[[ WORKING DATA open ]]

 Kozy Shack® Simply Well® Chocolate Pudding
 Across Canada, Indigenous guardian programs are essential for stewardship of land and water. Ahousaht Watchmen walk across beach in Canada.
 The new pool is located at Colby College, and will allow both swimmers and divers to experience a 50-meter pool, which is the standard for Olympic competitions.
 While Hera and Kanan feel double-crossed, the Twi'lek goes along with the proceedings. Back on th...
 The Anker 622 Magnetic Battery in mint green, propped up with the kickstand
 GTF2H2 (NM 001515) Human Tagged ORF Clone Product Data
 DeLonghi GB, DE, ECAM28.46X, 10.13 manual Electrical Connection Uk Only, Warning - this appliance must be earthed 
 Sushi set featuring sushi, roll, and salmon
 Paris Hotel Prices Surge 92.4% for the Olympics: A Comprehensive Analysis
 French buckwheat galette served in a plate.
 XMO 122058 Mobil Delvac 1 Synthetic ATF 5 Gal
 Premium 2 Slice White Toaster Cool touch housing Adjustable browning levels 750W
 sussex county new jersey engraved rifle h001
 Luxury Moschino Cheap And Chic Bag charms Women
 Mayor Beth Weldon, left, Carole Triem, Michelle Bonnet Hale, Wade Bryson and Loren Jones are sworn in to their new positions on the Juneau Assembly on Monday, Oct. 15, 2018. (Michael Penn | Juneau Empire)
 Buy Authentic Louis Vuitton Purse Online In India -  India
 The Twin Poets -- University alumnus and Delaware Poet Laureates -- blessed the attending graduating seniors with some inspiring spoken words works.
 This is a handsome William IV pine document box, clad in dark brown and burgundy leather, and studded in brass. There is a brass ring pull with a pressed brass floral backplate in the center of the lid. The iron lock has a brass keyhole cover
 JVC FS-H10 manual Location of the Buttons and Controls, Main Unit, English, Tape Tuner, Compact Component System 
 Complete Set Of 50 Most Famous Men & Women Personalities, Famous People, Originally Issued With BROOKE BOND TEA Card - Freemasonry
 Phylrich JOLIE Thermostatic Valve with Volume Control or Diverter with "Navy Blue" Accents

[[ WORKING DATA closed ]]

EXERCISE DESCRIPTION:
Out of the preceding entries, pull each line that contains the word "Women".

RESPONSE TO THIS TASK:
 Luxury Moschino Cheap And Chic Bag charms Women
 Complete Set Of 50 Most Famous Men & Women Personalities, Famous People, Originally Issued With BROOKE BOND TEA Card - Freemasonry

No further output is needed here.